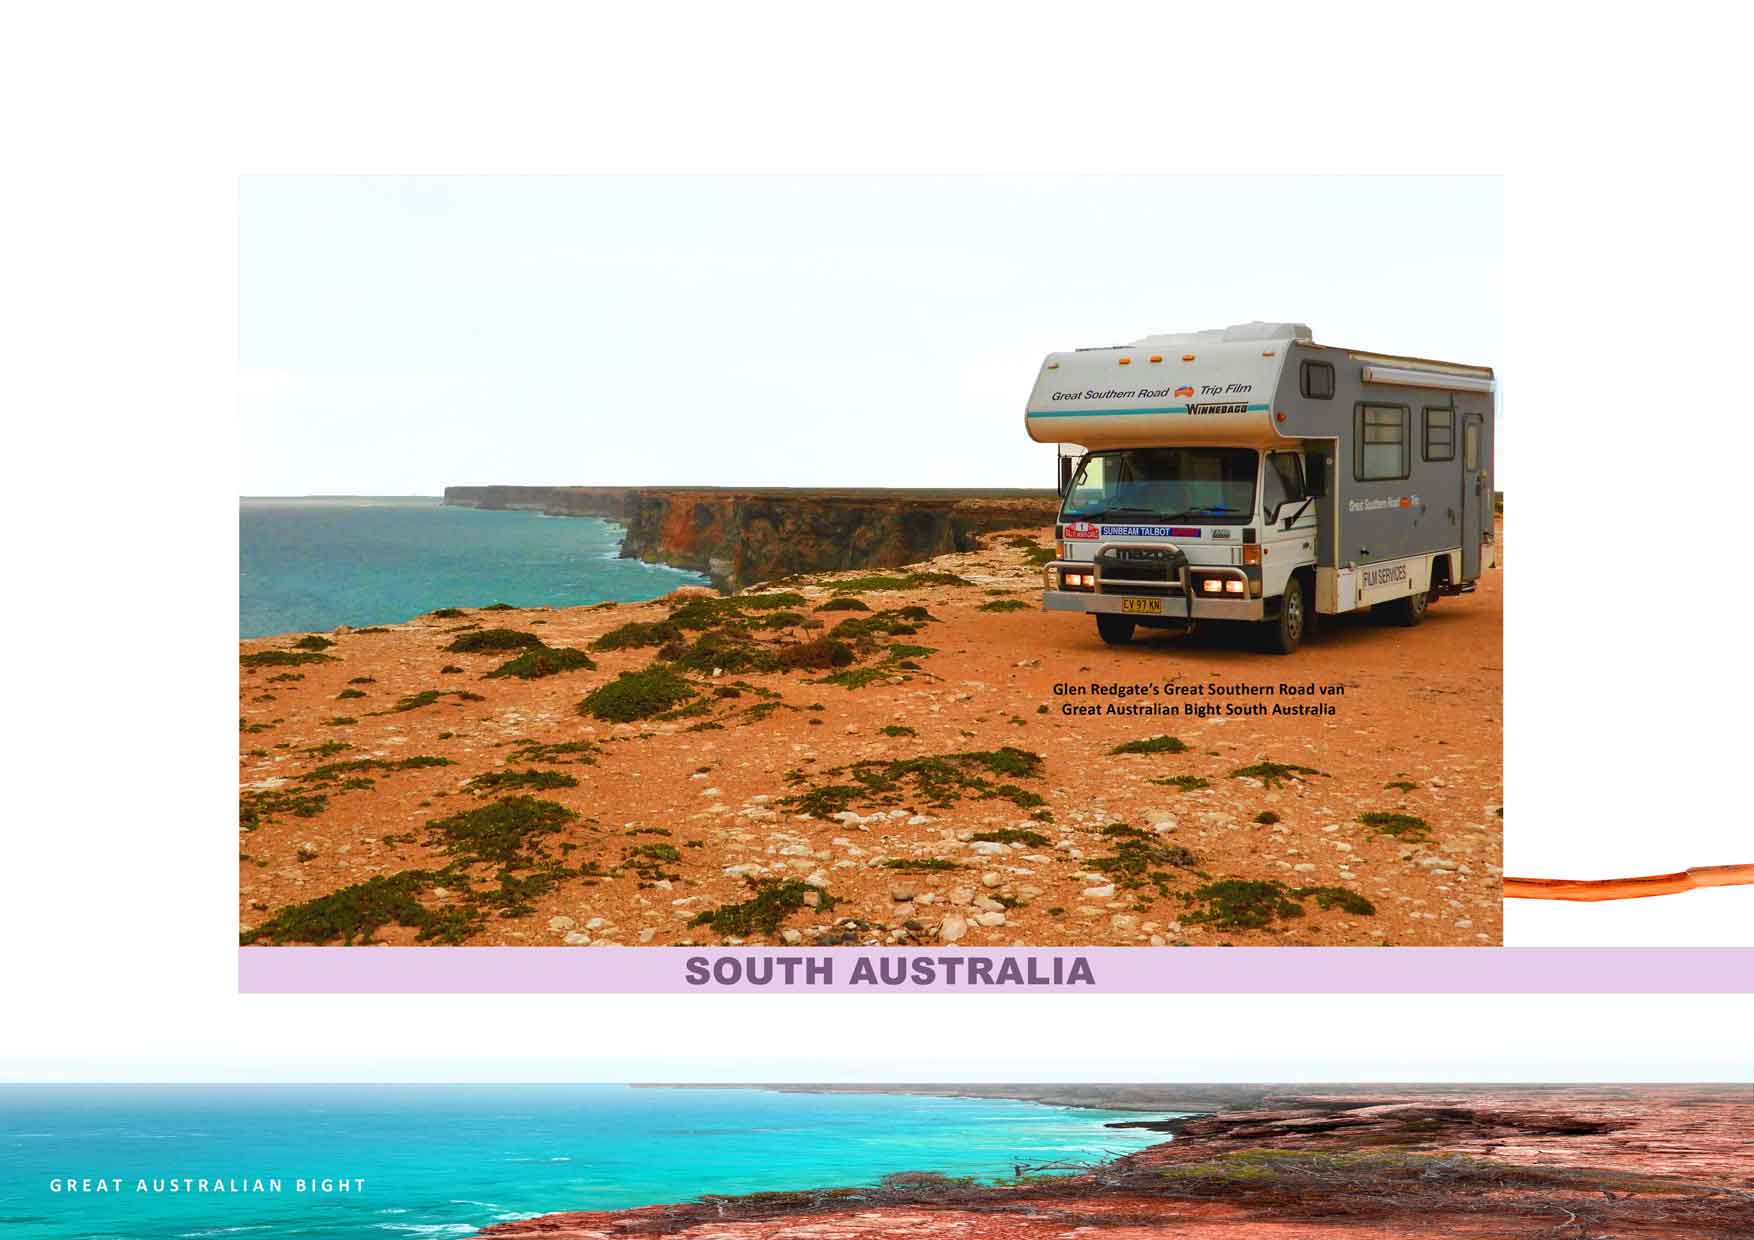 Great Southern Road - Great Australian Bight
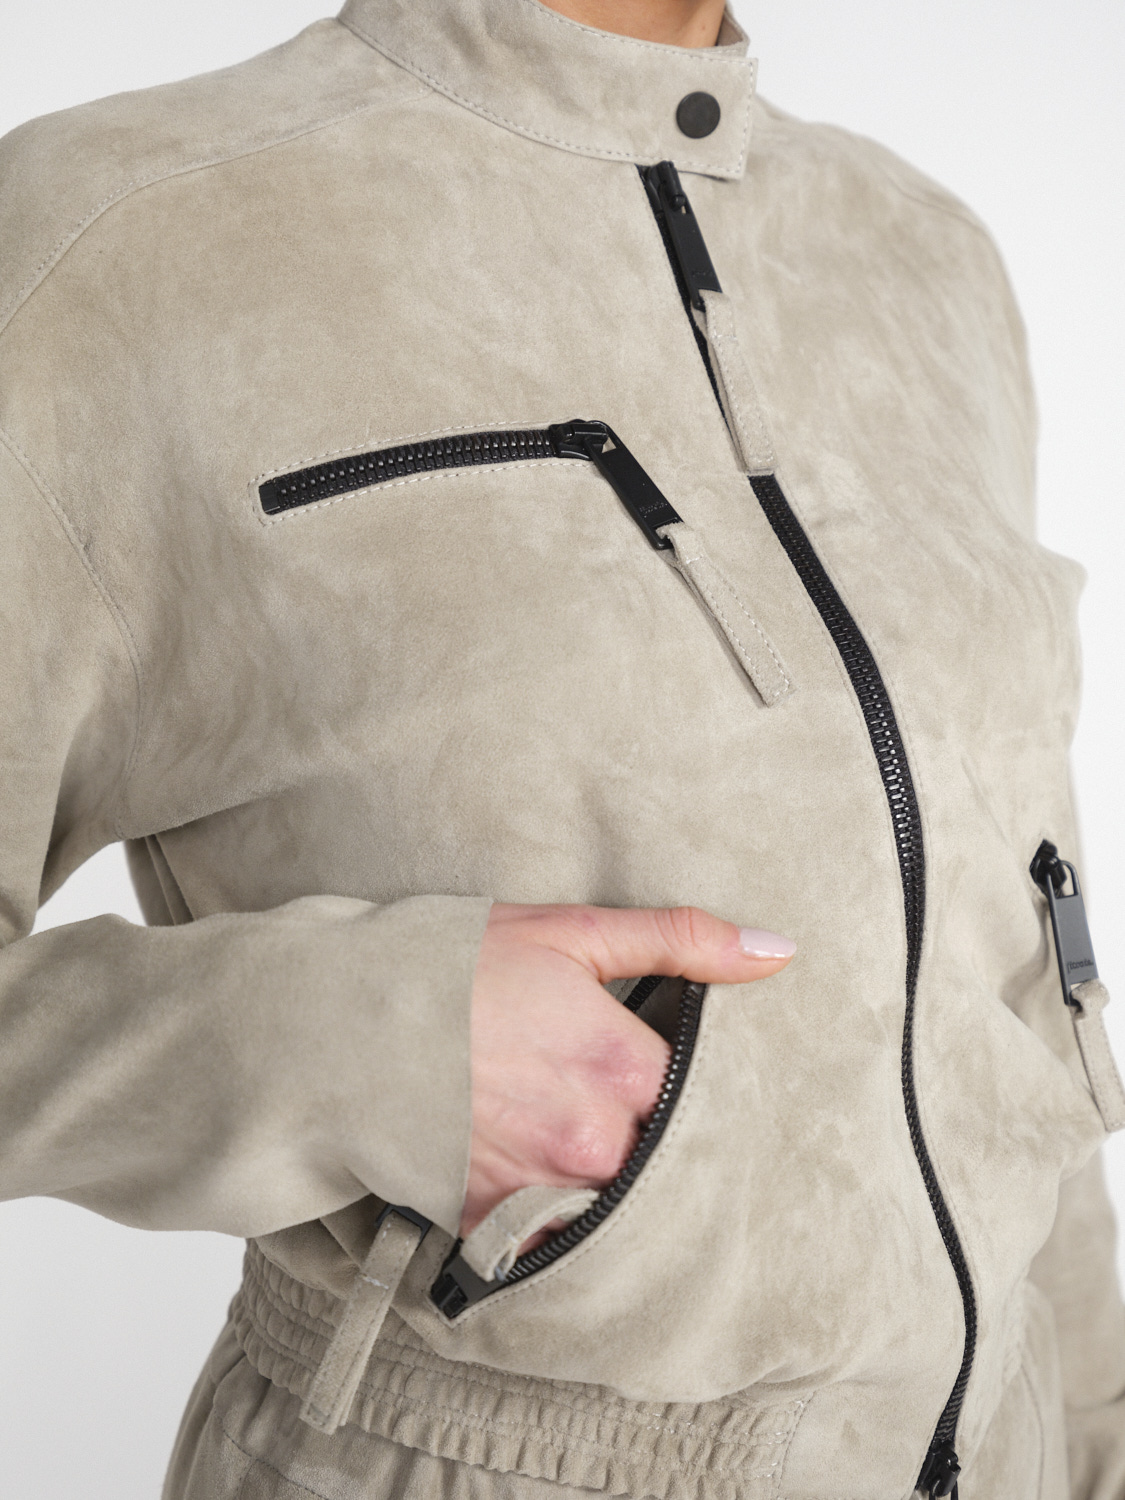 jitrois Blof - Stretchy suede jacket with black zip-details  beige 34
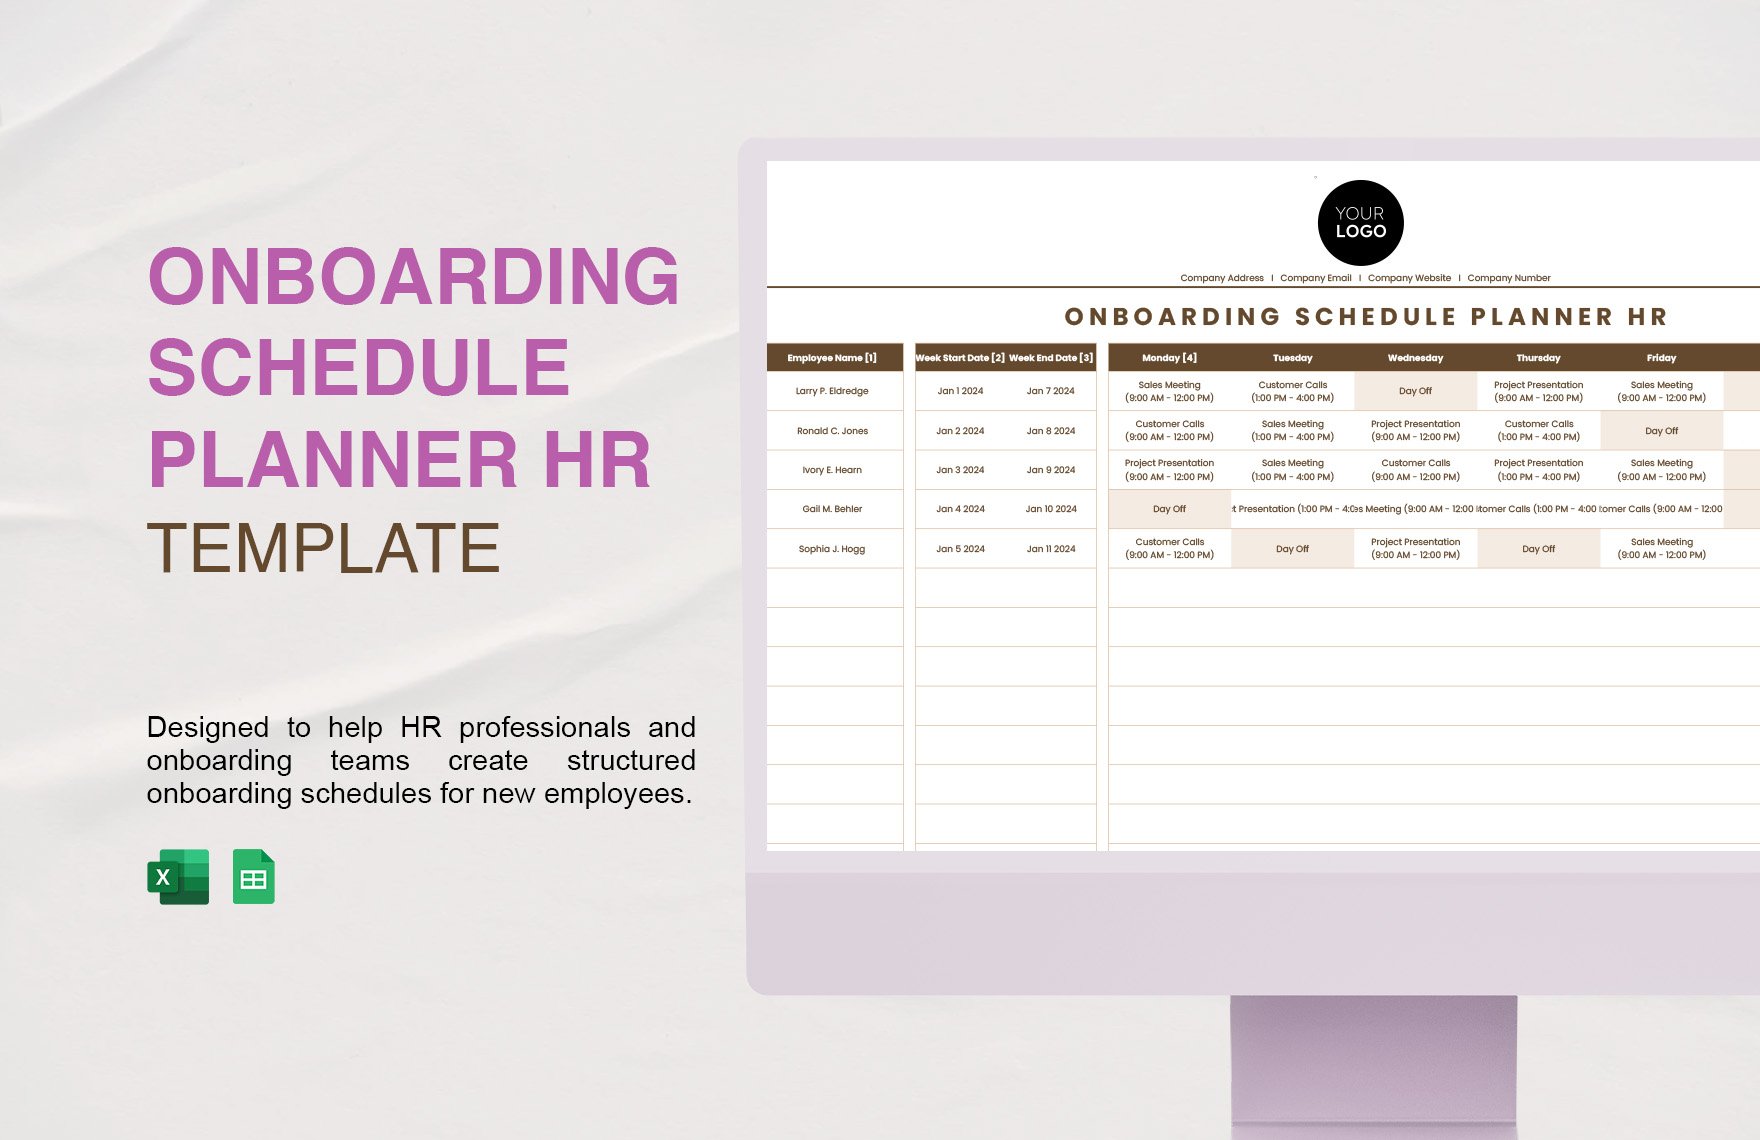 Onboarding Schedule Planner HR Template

- TASK ITEM:
The copy runs from the line containing "jitrois Blof - Stretchy" through the last line of the material, both ends included. Reproduce those lines exactly and drop the pictures.

- EXPECTED OUTPUT:
 jitrois Blof - Stretchy suede jacket with black zip-details  beige 34
 Onboarding Schedule Planner HR Template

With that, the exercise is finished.